__EXERCISE AIM__
Copy word for word, please, the lines of the entries below running from the one containing "Pretty Bud Friendly" to the one containing "カウアイカフェいわき泉店 パンケーキ Sm0323が投稿したフォトブック Lemon8", both ends included.

__THE DATA__
********************

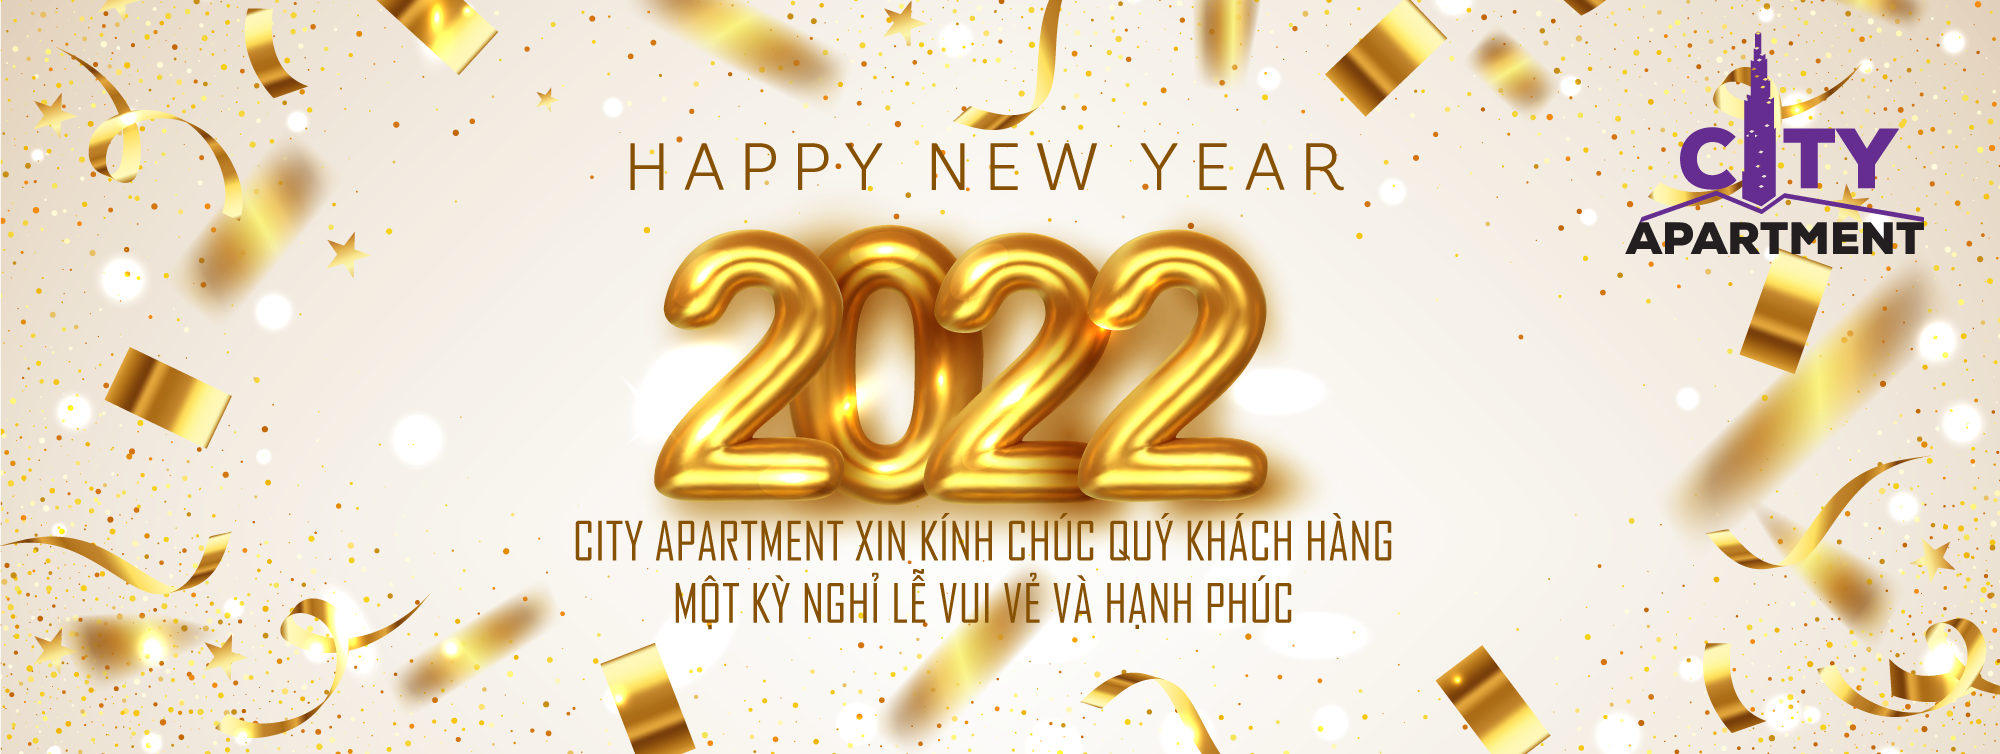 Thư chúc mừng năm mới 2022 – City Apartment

********************

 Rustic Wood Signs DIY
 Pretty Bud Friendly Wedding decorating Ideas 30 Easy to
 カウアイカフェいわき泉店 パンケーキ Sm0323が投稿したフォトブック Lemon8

********************

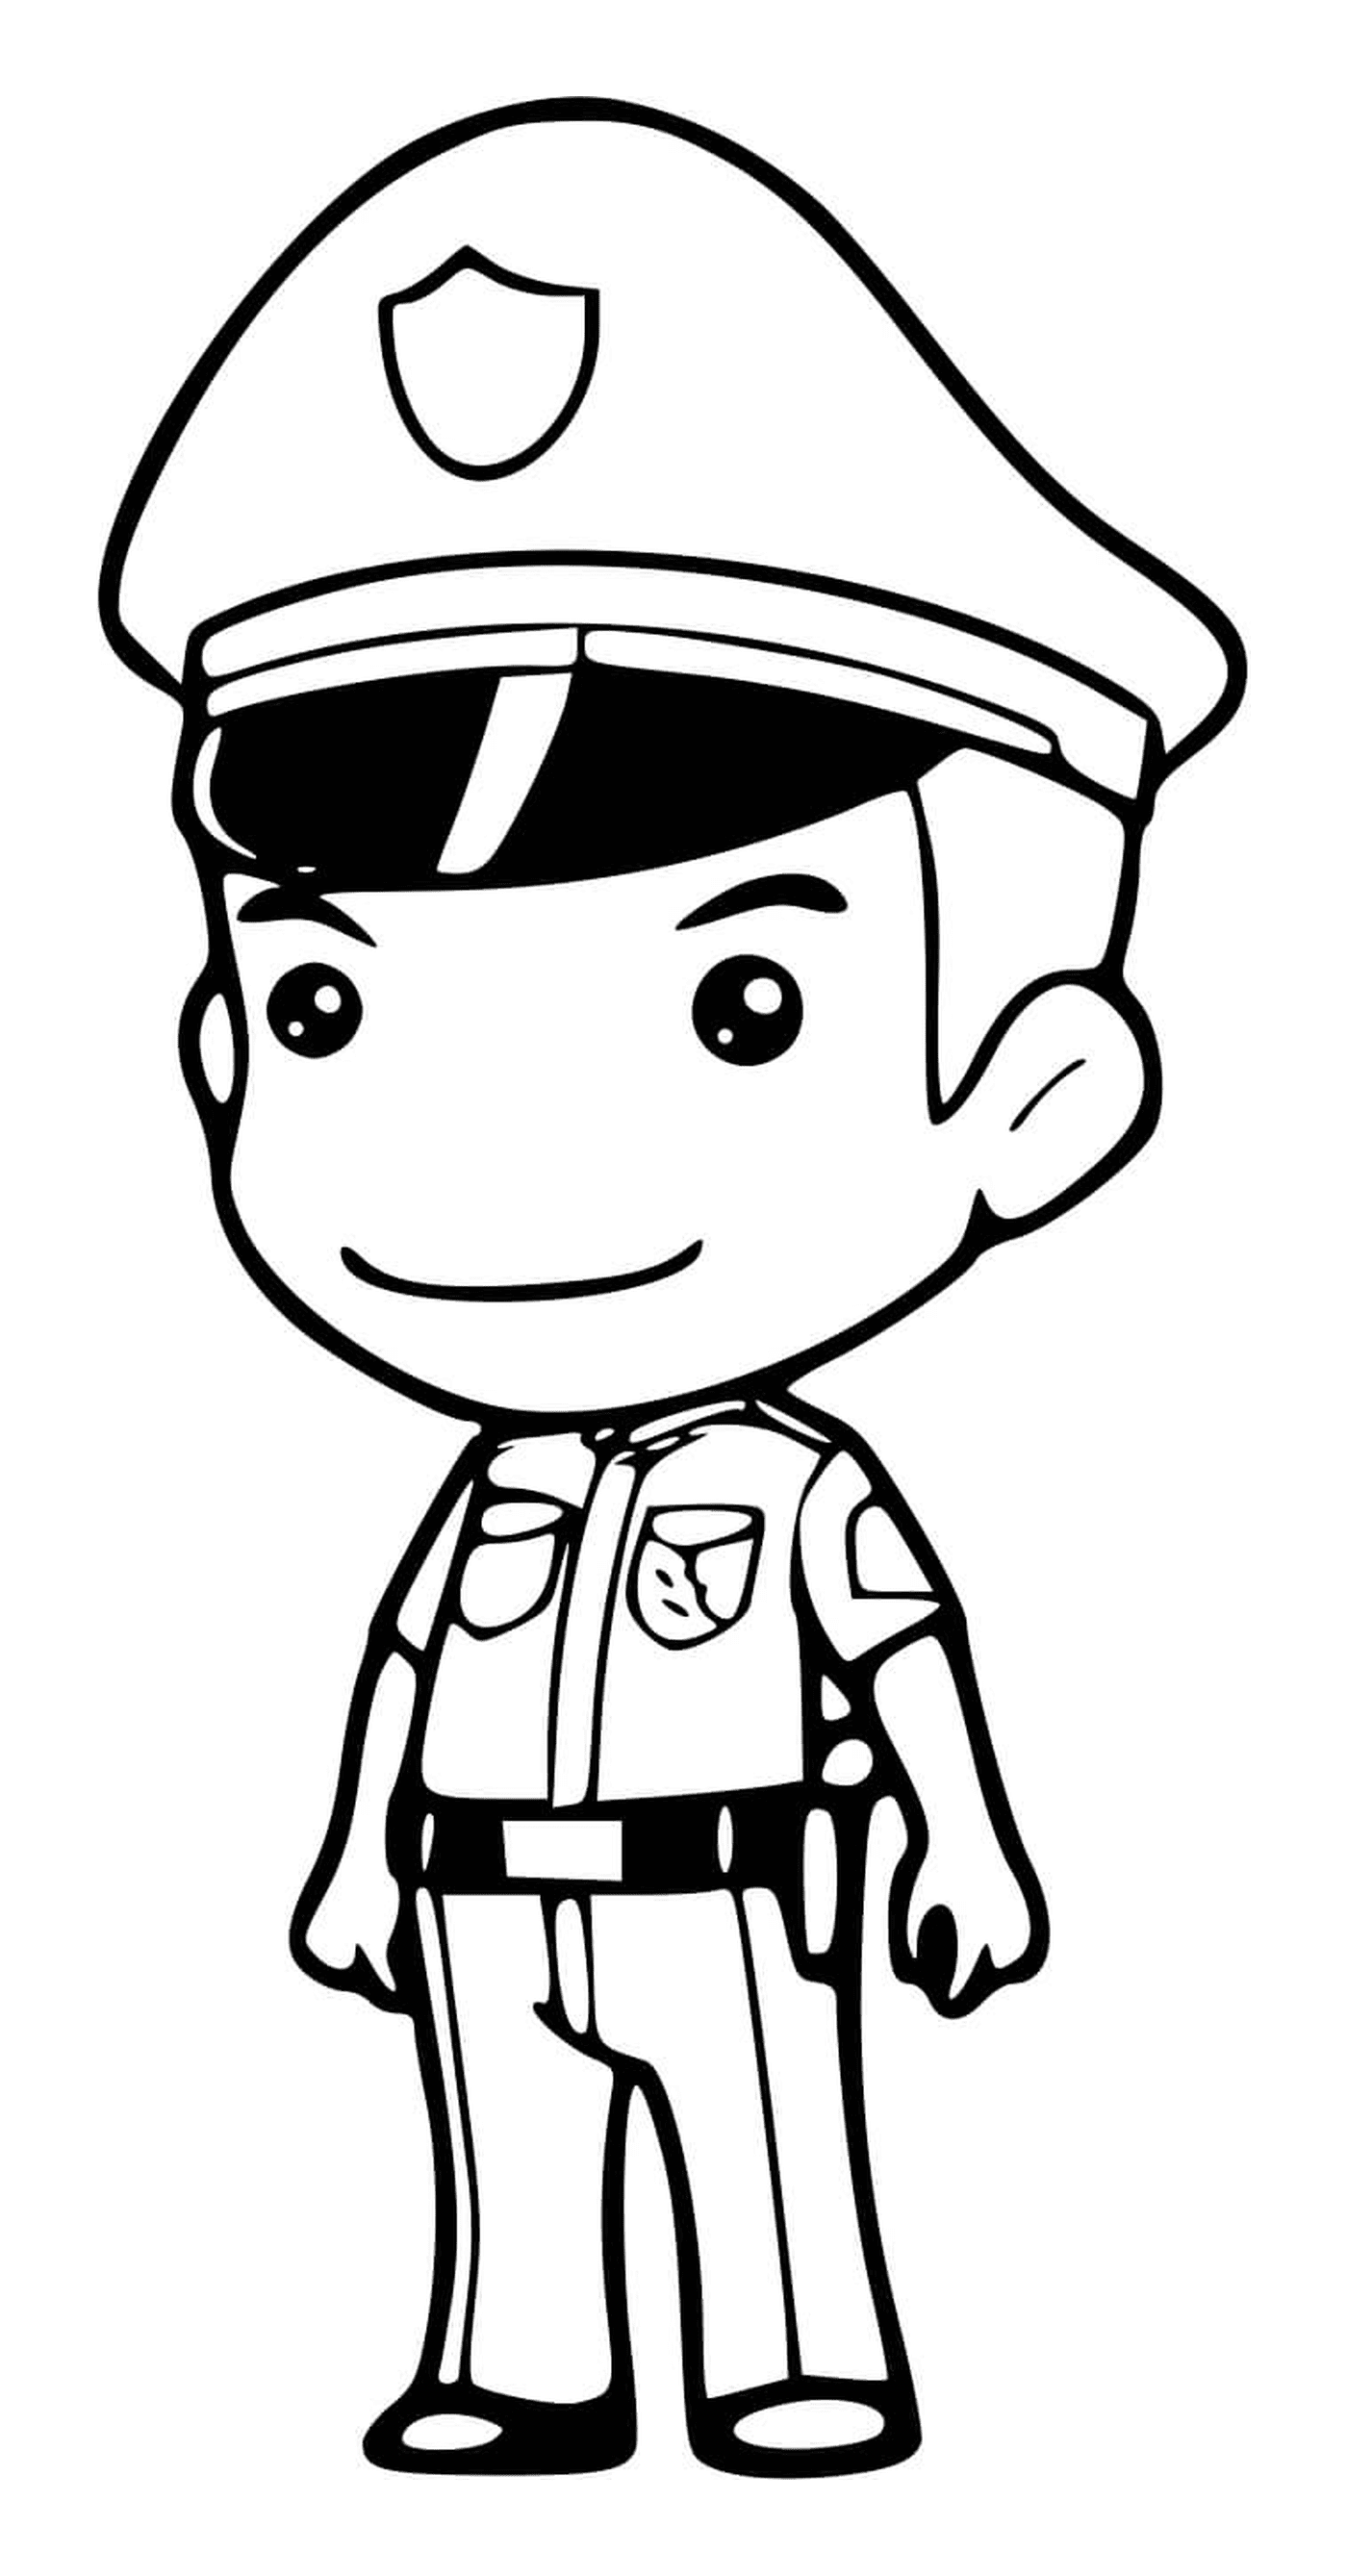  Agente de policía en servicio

********************

__WRITTEN RESPONSE__
 Pretty Bud Friendly Wedding decorating Ideas 30 Easy to
 カウアイカフェいわき泉店 パンケーキ Sm0323が投稿したフォトブック Lemon8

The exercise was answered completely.